An Open Letter to White Males January 1992

Frequently over the years I have been in conversation with other white men who share a commitment to bringing about change in the status quo which supports racism. One of the issues of concern is how best to motivate white men to want to work for change. That discussion elicits a sharing of our own motivations. At that point I usually find myself in a somewhat different “place” than most of the others with whom I speak. The discussion often comes to a quick consensus that the best (and the implication seems often to be, the “only”) way to motivate white men is through an appeal to their self-interest. When that conversation ends, I usually end up clear about my own motivation, challenged by everyone else, and with a two-pronged approach to the process. In this brief essay I want to explore some of those issues, and invite more extended thought from others.

I begin with the part that seems to trouble many of my most respected white friends .. my personal motivation, which I claim to be rooted in an imperative to seek justice. In my life that imperative is grounded in a spirituality which I used to express in theological terms now difficult for me to use with integrity. The words to express the motivation are not the same as they used to be, but they point to specific events in my life which are daily, powerful influences toward justice. An old pamphlet in the early days of school desegregation spoke of “simple justice;” that is really what I live for in the struggle against racism. I HATE injustice, and I seek the power to intervene wherever I see it. If government and other institutions, governed by white men, pretend to “represent” me, then they had better be just!

All of that “justice” troubles many, and probably turns some away. It is old-fashioned “liberalism” warmed over. Like a twice-baked soufflé, it is not appetizing to many. The appeal to “simple justice” has had a bum rap, and many do not trust it. So those who speak with me will most commonly say, “we need to appeal to the self-interest of white men to work for change … that is the most sure way to gain a sustained commitment.” With that there is sometimes an insistence that I must see my motivations in those self-interest terms or somehow it is not quite valid. The conviction expresses confidence that only if one is motivated because there is an identifiable advantage for himself can he be trusted.

It is a kind of self-evident truth that at some level people are moved by that which affects themselves. There is both theory and practical evidence to support the appeal to self-interest, and I do not argue that. I do want to argue that the appeal to self-interest has its own slippery slope, raising a doubt for me about it as the only motivating power.

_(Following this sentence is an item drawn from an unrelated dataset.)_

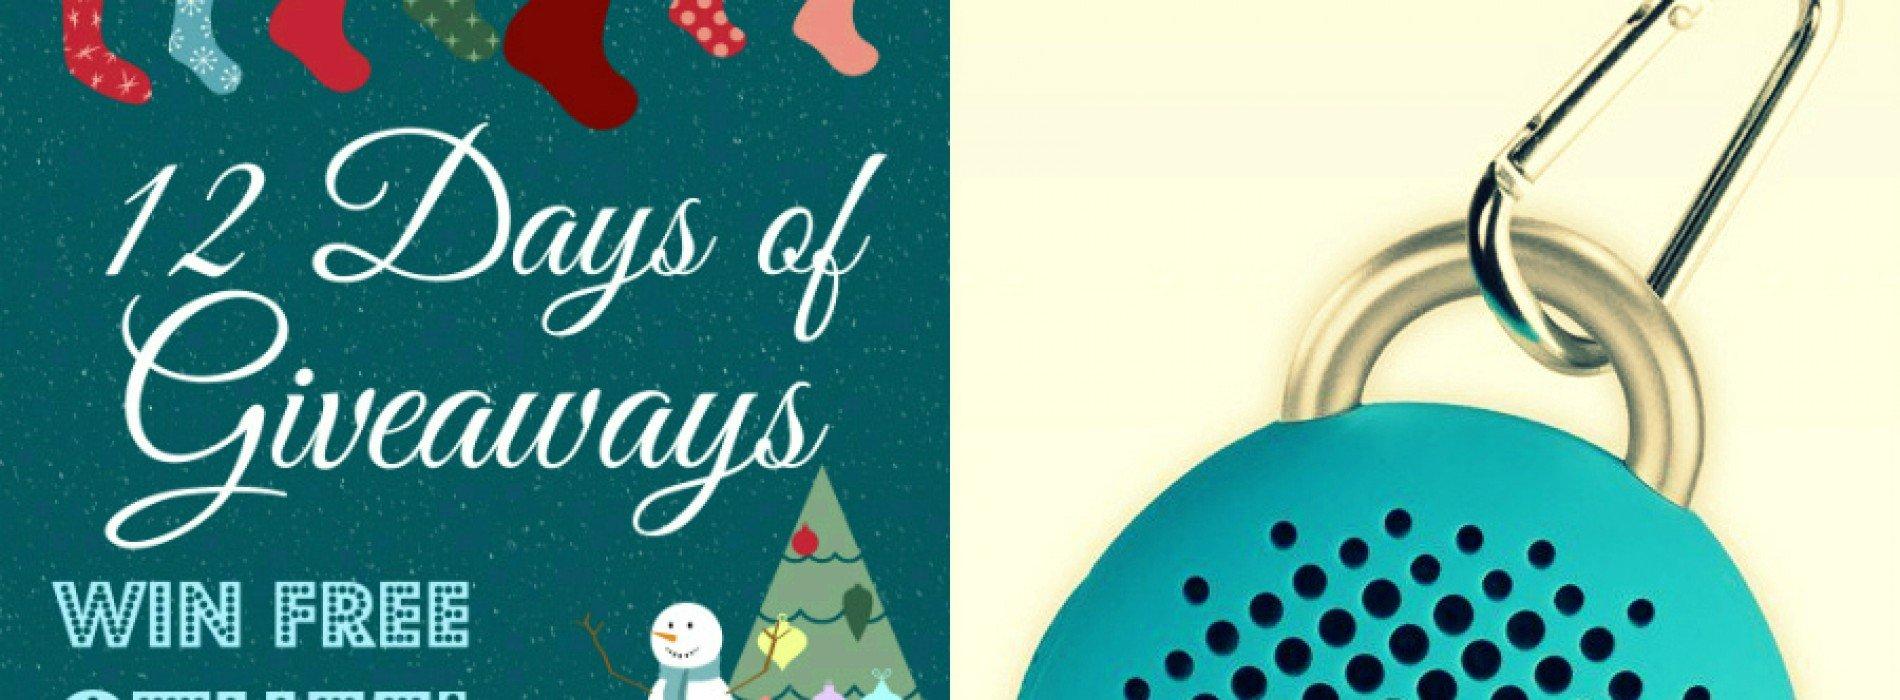 Win a Bluetune-Bean [12 Days of Giveaways] (Update)

I am aware that my life would be more fulfilled if there was no racism or other form of oppression in society. There are clear ways in which the long-run of life propels an interest in anti-racism simply because things will be better for me. After consistent, full-time work in the struggle for years, my life is clearly more focused, more fulfilled and enriched in ways which I would never give up. The benefits are clear every night when my pillowed head reviews the day and gives thanks for the richness I have known. My work in the struggle, meager as its results have been, has clearly brought to me a liberation from many things to which I was previously in servitude. There is not a single moment of doubt about the clarity of that self-interest.

BUT …

There is evidence for arguing that self-interest is a risky motivation by itself It would be easy for me to argue that in many ways the status quo works just fine for me as a white male. I can demonstrate in my own life that there has been a significant cost in time, energy, and money for engaging in the struggle against racism; it has been my choice to accept that cost, I do not regret it, and when measured over against the cost of not engaging in the struggle, I would make the same choice again today, as I make that choice everyday. That could become an argument for my self-interest motivation. On the other hand, there are benefits for me which make it very easy to live in the world without change. I would not need to even resist change, but simply not abet it, and the system would go right on providing those benefits. Measuring some of the costs of engaging in the struggle for change might easily lead back into that comfortable place provided for me simply because I am white, male, and middle class. I have seen many white men in a variety of institutional settings, in family, marital and other relationships, for whom the temptation of the status quo overcomes an initial appeal to change, because their self-interest lies in preserving things as they are. It may have been that the self-interest in changing was not clearly enough articulated for them, and that becomes an argument for making that self-interest more compelling.

The matter boils down to a fundamental distrust of long-lasting white motivation for change; that in turn comes from a frightening conviction of the power of racism in the heads, hearts, and habits of whites. I am left with an uncomfortable feeling that the self-interest approach leaves many white men on a very slippery slope indeed. So I want to buoy that motivation with an appeal to justice also. Friends will then point out that my concern for justice is in the long-run a matter of self-interest. That is true, but I shall strenuously resist attempts to turn a concern for justice into simple “self-interest.”

All of this just proves that I am “old-fashioned!” I am that, and proud! I’ll continue to work for justice, and want to join other white men, no matter what their personal motivation, who will do the same. A prophet once called for justice to roll down like a mighty stream. I’m for that. How about you?